- **Task material**
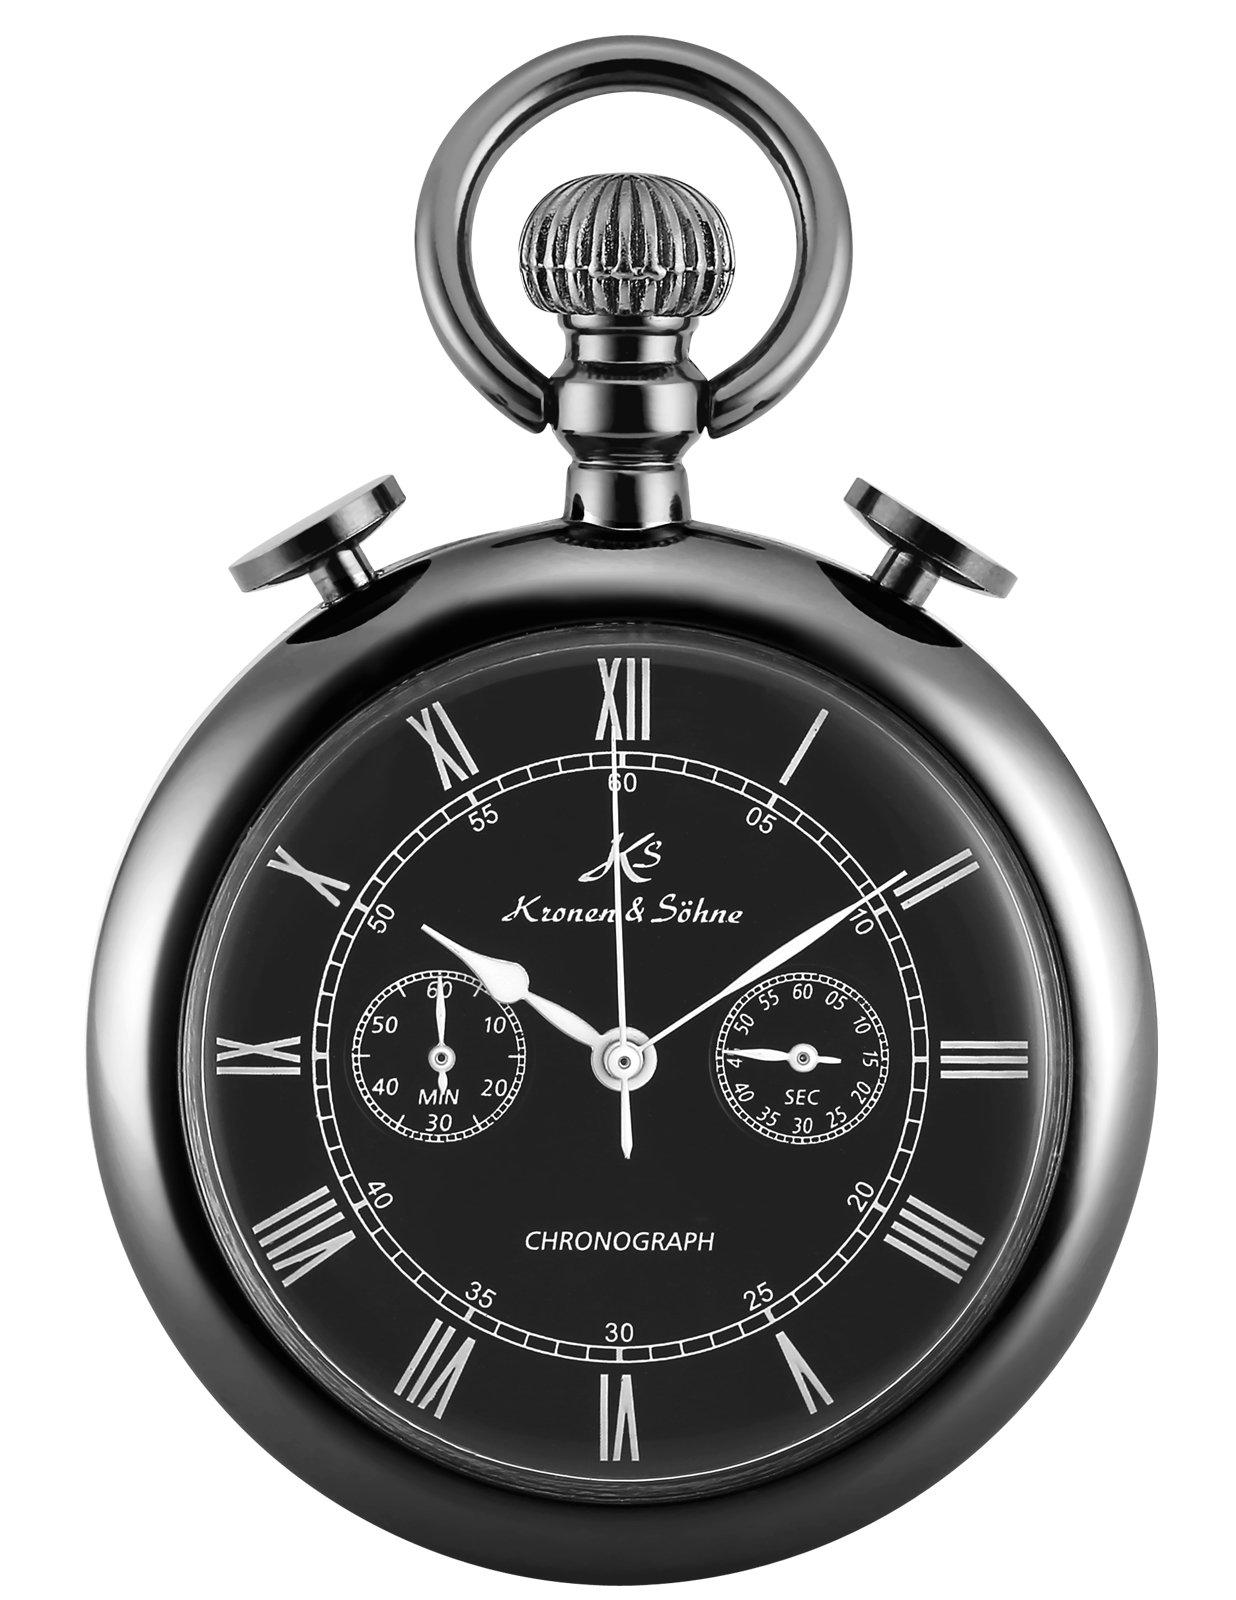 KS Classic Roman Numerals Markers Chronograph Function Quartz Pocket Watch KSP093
---
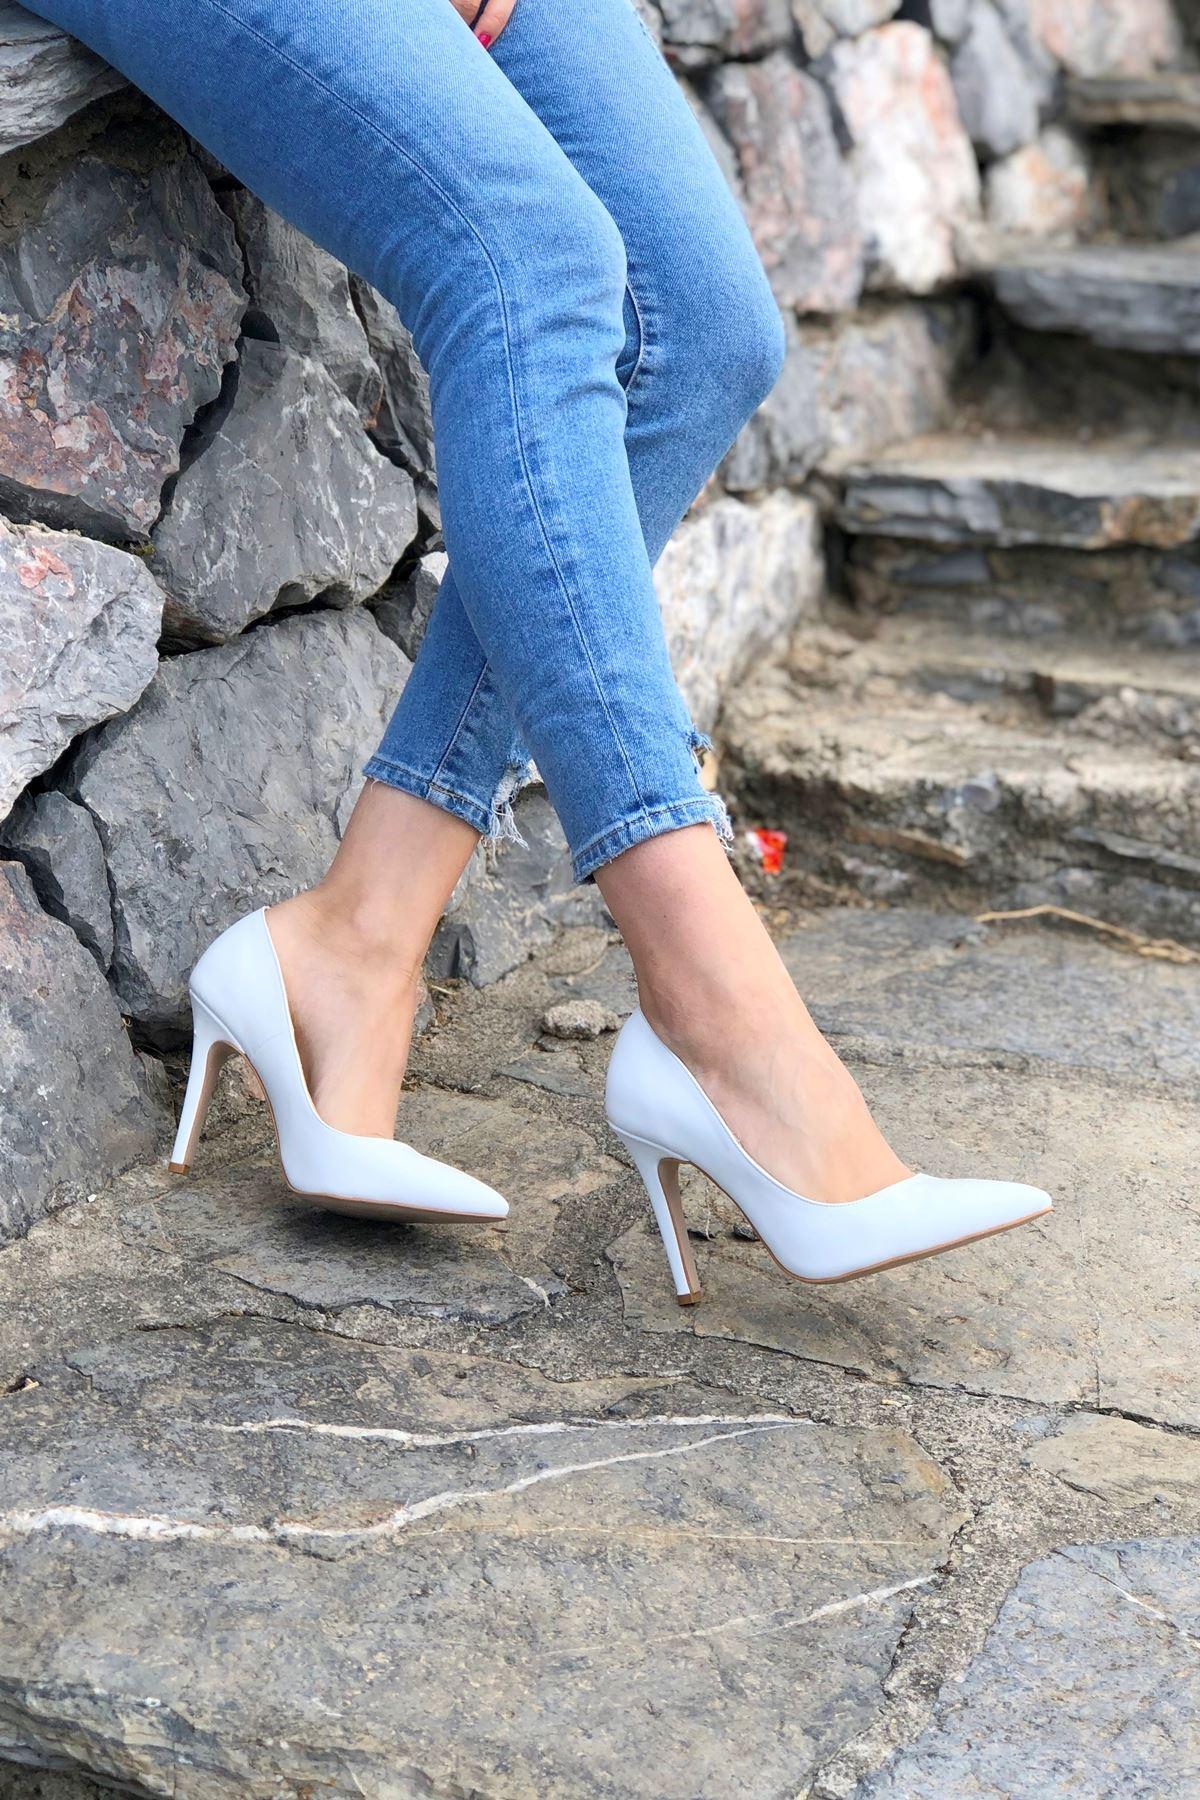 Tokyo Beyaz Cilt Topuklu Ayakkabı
---
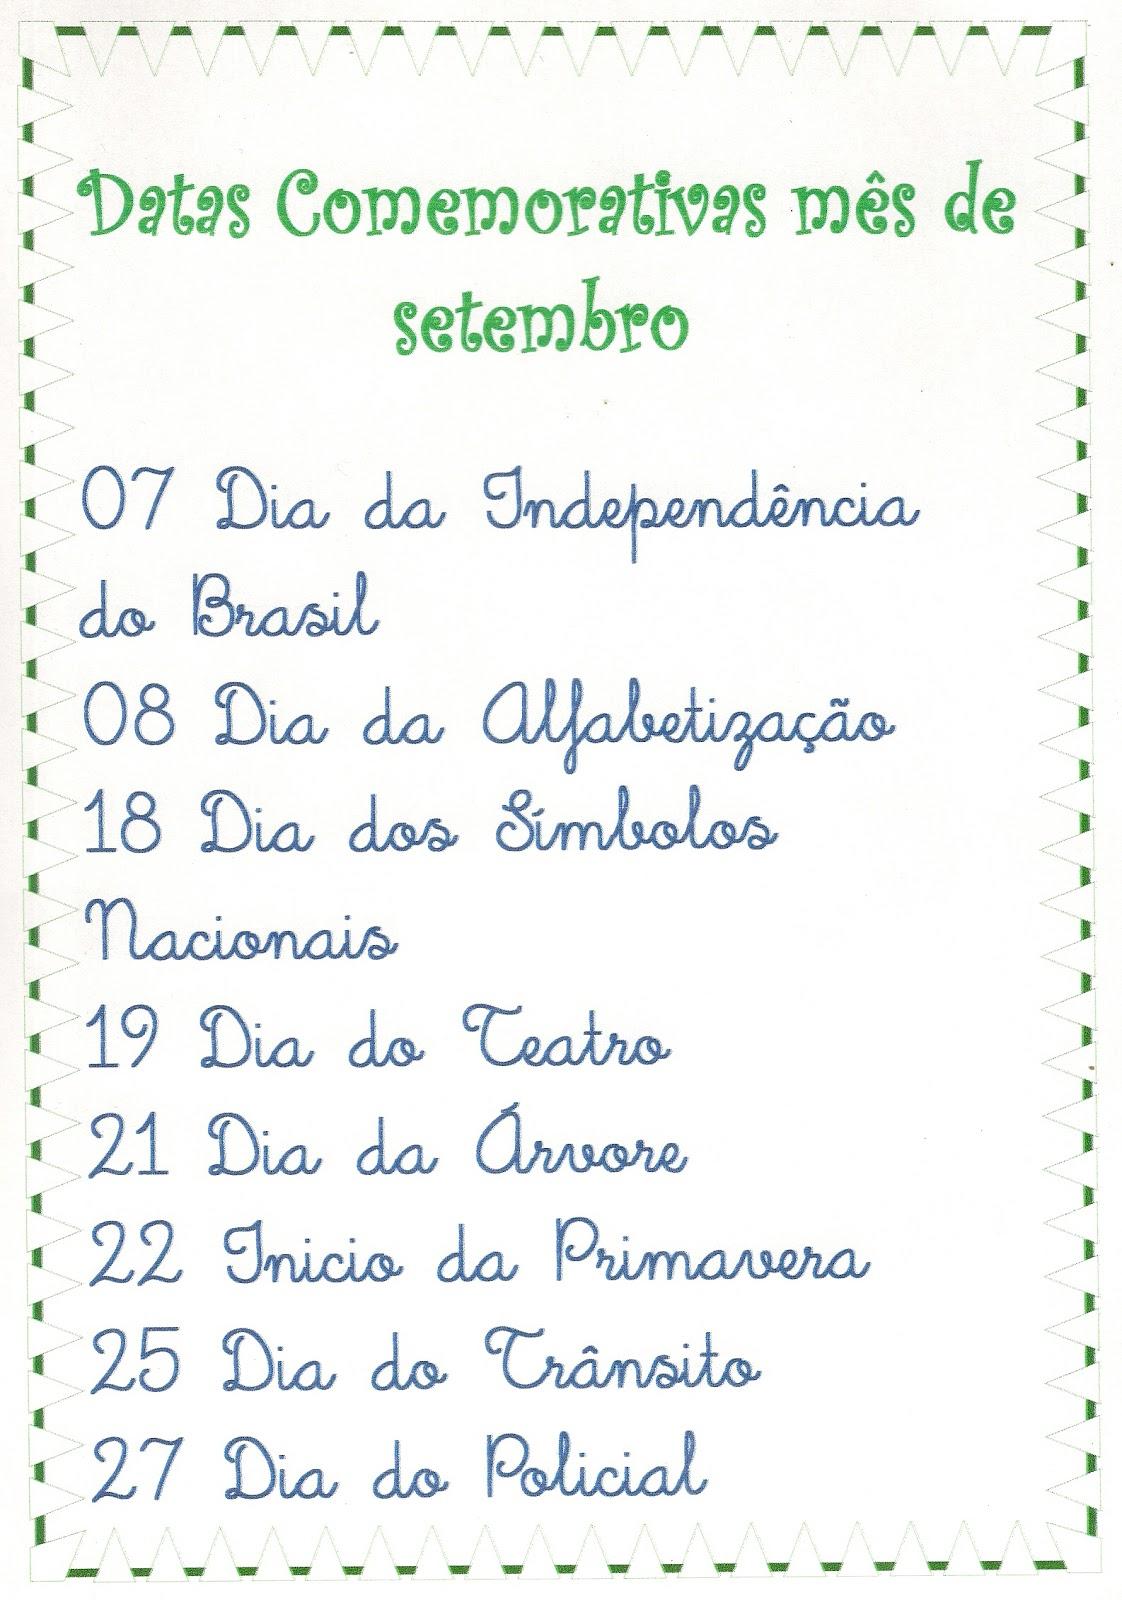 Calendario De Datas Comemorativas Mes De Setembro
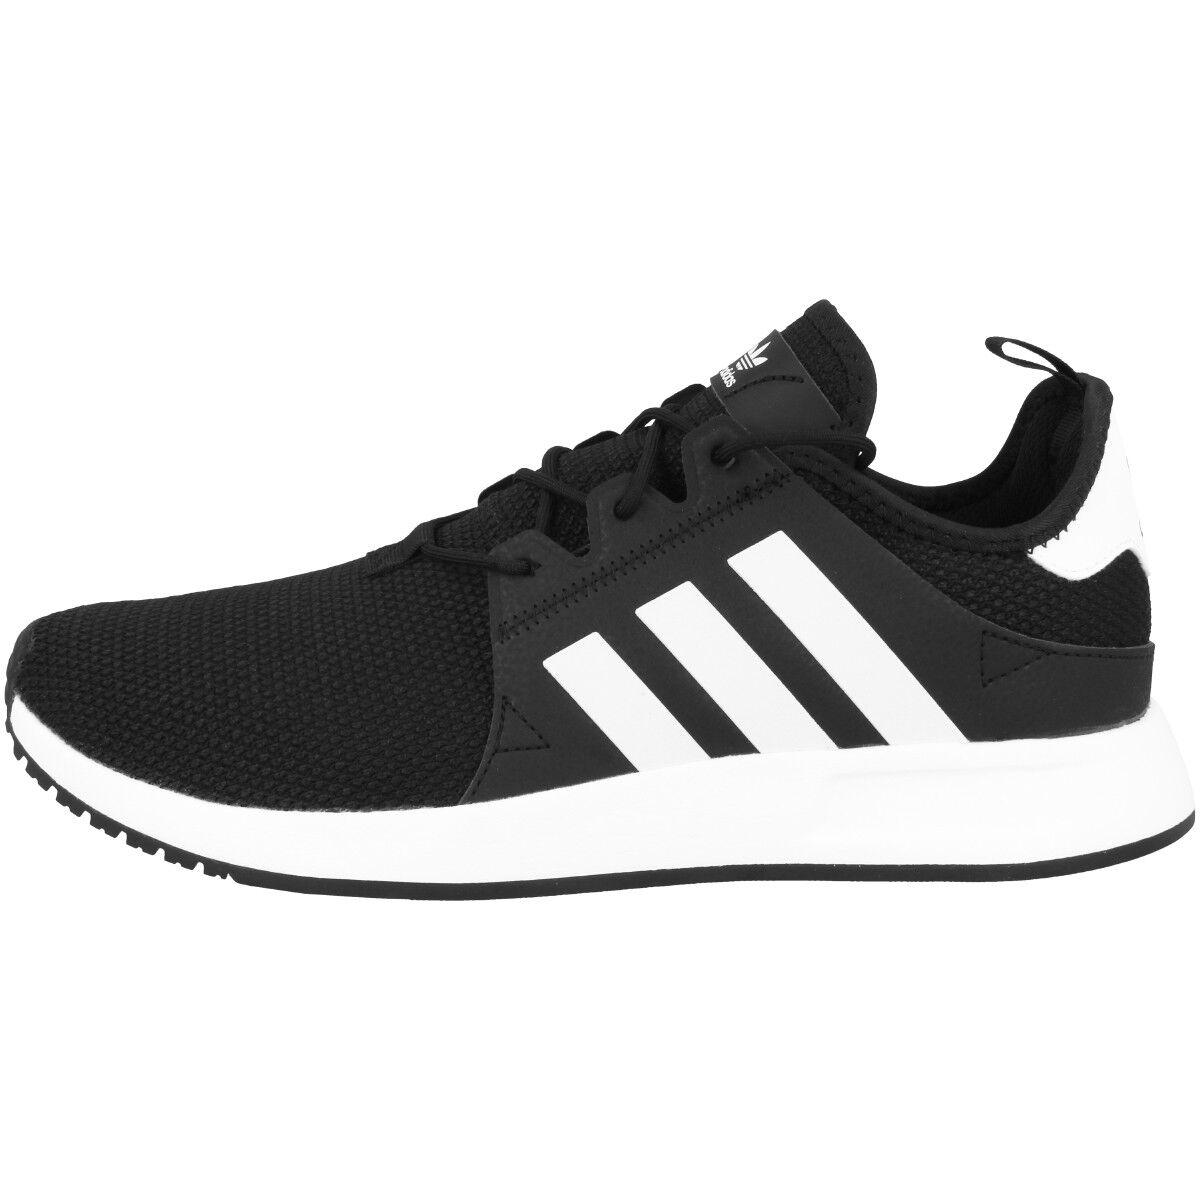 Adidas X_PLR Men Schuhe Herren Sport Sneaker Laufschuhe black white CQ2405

- **Work instruction**
Lines wanted from the entries above: the one with "Calendario De Datas", the one with "Adidas X_PLR Men", and all lines between. Please copy them exactly, without the pictures and without anything else.

- **Response below**
 Calendario De Datas Comemorativas Mes De Setembro
 Adidas X_PLR Men Schuhe Herren Sport Sneaker Laufschuhe black white CQ2405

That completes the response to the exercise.